*Exercise instructions:* The reply to the records below should contain exactly the lines from the line with "Stone Island Short" through the line with "A large female", and nothing besides.

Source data
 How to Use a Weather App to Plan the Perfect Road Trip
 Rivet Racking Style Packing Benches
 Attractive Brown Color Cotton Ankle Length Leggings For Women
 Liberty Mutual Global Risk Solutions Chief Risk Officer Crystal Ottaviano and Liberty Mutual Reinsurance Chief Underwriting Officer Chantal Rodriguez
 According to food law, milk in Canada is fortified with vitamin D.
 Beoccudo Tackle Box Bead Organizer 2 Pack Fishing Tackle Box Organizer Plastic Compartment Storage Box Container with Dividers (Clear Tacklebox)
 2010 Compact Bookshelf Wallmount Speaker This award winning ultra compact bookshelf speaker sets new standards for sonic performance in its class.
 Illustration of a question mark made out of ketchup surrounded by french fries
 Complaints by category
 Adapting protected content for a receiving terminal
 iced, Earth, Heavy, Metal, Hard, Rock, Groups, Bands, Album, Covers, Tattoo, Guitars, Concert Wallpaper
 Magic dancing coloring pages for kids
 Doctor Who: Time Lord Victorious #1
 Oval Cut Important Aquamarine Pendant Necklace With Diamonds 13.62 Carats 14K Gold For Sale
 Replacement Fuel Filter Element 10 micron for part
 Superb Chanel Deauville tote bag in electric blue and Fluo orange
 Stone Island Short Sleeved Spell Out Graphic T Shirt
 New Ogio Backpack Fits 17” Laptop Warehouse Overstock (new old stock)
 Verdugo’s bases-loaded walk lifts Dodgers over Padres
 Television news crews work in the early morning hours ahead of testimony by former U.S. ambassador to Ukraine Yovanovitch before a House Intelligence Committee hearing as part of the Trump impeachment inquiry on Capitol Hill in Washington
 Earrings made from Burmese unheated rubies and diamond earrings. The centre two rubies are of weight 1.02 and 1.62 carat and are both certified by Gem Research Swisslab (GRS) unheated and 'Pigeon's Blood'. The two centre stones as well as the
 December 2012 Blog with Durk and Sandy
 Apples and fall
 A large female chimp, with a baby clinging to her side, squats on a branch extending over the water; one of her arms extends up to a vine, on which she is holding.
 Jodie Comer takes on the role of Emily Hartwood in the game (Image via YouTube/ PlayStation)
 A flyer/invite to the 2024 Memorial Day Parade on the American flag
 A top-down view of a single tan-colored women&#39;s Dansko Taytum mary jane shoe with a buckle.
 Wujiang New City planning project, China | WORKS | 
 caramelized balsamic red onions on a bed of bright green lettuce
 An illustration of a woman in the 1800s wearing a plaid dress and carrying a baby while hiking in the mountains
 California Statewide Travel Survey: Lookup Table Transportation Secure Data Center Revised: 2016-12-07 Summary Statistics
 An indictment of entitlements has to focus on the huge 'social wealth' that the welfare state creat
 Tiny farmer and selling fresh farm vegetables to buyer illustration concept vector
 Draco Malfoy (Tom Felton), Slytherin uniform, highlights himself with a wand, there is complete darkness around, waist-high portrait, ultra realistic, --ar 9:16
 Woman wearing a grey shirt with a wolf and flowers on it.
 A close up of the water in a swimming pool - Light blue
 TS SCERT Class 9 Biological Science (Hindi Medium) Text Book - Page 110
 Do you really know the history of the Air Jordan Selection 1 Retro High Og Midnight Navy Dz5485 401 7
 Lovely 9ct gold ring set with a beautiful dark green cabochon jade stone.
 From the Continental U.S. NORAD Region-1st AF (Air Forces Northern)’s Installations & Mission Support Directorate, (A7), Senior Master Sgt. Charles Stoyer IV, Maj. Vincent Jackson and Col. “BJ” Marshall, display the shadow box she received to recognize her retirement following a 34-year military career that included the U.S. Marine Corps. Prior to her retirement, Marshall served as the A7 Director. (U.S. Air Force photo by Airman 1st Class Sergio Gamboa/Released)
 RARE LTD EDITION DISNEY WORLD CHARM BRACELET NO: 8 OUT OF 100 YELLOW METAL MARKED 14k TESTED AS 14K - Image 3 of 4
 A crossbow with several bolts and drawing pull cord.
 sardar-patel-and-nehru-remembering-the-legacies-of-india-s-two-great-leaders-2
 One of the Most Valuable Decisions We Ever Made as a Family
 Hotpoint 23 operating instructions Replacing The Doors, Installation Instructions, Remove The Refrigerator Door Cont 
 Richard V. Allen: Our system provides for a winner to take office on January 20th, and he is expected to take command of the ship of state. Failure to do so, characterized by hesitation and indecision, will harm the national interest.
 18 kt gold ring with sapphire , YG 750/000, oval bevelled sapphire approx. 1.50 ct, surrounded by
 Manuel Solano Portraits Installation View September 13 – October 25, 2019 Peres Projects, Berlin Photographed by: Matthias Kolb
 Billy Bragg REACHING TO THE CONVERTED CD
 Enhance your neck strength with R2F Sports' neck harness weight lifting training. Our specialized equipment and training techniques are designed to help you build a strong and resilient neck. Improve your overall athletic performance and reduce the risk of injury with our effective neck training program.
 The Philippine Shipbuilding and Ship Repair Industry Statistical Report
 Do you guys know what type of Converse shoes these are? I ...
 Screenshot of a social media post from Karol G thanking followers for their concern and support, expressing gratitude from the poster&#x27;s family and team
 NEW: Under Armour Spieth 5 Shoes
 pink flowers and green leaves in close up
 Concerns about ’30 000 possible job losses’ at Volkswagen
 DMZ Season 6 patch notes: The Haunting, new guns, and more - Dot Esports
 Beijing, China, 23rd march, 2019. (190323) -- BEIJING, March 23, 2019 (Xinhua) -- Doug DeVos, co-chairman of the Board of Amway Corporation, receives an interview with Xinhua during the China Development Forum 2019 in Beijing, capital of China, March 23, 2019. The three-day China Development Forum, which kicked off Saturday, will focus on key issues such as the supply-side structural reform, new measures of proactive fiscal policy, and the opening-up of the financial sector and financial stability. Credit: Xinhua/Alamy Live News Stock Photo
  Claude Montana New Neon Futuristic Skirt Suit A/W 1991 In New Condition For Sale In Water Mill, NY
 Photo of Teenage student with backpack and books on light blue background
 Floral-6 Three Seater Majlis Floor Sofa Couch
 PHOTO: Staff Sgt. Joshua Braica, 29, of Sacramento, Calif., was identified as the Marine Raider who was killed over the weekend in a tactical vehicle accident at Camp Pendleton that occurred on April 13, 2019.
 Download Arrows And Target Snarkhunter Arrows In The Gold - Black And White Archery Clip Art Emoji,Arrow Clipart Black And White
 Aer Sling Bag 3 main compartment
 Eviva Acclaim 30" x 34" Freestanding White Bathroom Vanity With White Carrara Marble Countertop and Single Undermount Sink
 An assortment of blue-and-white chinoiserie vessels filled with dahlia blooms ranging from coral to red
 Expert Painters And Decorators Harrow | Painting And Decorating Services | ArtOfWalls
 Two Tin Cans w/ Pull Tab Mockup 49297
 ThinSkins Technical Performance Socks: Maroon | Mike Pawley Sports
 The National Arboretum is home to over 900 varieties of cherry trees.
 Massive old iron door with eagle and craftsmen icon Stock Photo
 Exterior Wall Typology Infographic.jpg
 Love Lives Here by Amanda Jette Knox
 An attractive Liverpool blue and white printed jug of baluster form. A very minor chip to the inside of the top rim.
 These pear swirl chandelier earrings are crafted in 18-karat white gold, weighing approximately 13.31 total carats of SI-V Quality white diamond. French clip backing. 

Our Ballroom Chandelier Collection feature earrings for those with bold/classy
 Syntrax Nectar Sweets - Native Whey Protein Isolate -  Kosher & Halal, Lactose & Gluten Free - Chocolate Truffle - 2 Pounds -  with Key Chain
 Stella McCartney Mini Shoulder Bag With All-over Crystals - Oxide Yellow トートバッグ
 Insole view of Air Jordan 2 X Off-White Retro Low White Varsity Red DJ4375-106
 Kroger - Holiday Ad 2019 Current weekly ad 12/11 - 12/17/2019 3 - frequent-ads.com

*Exercise answer:*
 Stone Island Short Sleeved Spell Out Graphic T Shirt
 New Ogio Backpack Fits 17” Laptop Warehouse Overstock (new old stock)
 Verdugo’s bases-loaded walk lifts Dodgers over Padres
 Television news crews work in the early morning hours ahead of testimony by former U.S. ambassador to Ukraine Yovanovitch before a House Intelligence Committee hearing as part of the Trump impeachment inquiry on Capitol Hill in Washington
 Earrings made from Burmese unheated rubies and diamond earrings. The centre two rubies are of weight 1.02 and 1.62 carat and are both certified by Gem Research Swisslab (GRS) unheated and 'Pigeon's Blood'. The two centre stones as well as the
 December 2012 Blog with Durk and Sandy
 Apples and fall
 A large female chimp, with a baby clinging to her side, squats on a branch extending over the water; one of her arms extends up to a vine, on which she is holding.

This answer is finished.